Déjà, ce n’est pas facile d’être prof… être au top avec la matière, savoir la planifier, préparer ses cours, différencier les apprentissages, prévoir des manipulations, des classements, organiser la classe, gérer le groupe, les corrections et les évaluations… En plus il y a le programme, la hiérarchie, les parents… Alors s’il faut encore en plus être conscient de tous ces vécus qui nous forment, qui sont notre chemin, et seulement le nôtre ! Ce serait plus facile si on pouvait être prof dans des écoles sans élèves, ne pas tomber dans le miroir de nos propres limites que sont leurs attitudes en face de nous. Ou qu’il n’y ait plus de prof, parce que chacun a son histoire, que cette histoire est toujours susceptible de nous amener à nous méconduire ou même à blesser l’autre, les autres qui sont là assis, confiants et qui attendent d’apprendre… parce que l’école, ça sert à ça ! Pas à être le punchingball inconscient de malades, et nous sommes tous malades.
Nous sommes tous le produit de notre propre histoire, mais celle-ci n’est pas figée.
Le savoir, pratiquer l’écriture, peut avoir des effets thérapeutiques ou à tout le moins libérateurs : liberté d’exprimer, liberté de choisir la forme, le contenu, les mots pour le dire. Le pratiquer pendant ses études pour devenir enseignant peut aider à ne pas prendre en otage par après les élèves de nos classes. Non pas en demandant à nos professeurs de la Haute Ecole de jouer au pseudopsys, mais en aidant l’écrivain à découvrir le côté libérateur de l’écrit sans jugement, sans objectif, sans intention… Par cela, prendre conscience que notre identité est en devenir. Devenir sujet de son histoire et plus seulement produit, et éprouver la force de l’écrit, de la mise en mots des vécus, pour l’autoriser dans nos classes.
L’autoriser, non pas l’utiliser, l’analyser ou l’étiqueter en jouant, par ricochet, aux pseudopsys… laisser juste venir le désir d’expression et en connaitre la force, mais garder sa distance, rester à sa place d’observateur et, seulement si invitation faite par l’auteur, devenir spectateur, être ému, exprimer ses ressentis, entrer en relation… vraie, juste, « inutile ».
Savoir que notre histoire n’est pas figée et pratiquer en équipe l’échange de points de vue sur une situation, encore une fois sans intention autre que d’échanger.
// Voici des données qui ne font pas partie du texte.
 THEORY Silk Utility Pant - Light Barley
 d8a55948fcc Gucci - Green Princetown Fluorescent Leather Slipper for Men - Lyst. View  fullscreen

Le non-jugement, la non-critique, permettent à la personne qui propose une situation de se libérer de ses propres entraves pour entrer à l’écoute de l’avis des autres et se construire ou non de nouveaux concepts à partir du collectif. Pratiquer l’écriture collective centrée sur les apprentissages et tout ce qui l’emballe : le pragmatique, l’émotionnel et l’inconscient avec un groupe de pairs.
La mise en écrit, au-delà des échanges oraux, permet de prendre de la distance, permet aussi la relecture, les visites régulières ou non, dans l’immédiat ou après que l’eau ait coulé sous les ponts. L’idée n’est pas que le groupe construise l’individu, qu’il lui apporte de nouvelles pistes de travail, mais simplement de proposer une carte plus riche et plus rapidement contruite dans laquelle l’individu pourra lui-même choisir le chemin ou peut-être même un autre encore, insoupçonné, qui est venu à lui par capillarité à partir de ceux construits par le groupe. Il ne s’agit pas d’amener l’enseignant à la rupture, mais de provoquer des multitudes de tensions fissurantes que la personne, quand elle sera prête, acceptera de transformer en brèches, puis en objets de transformation.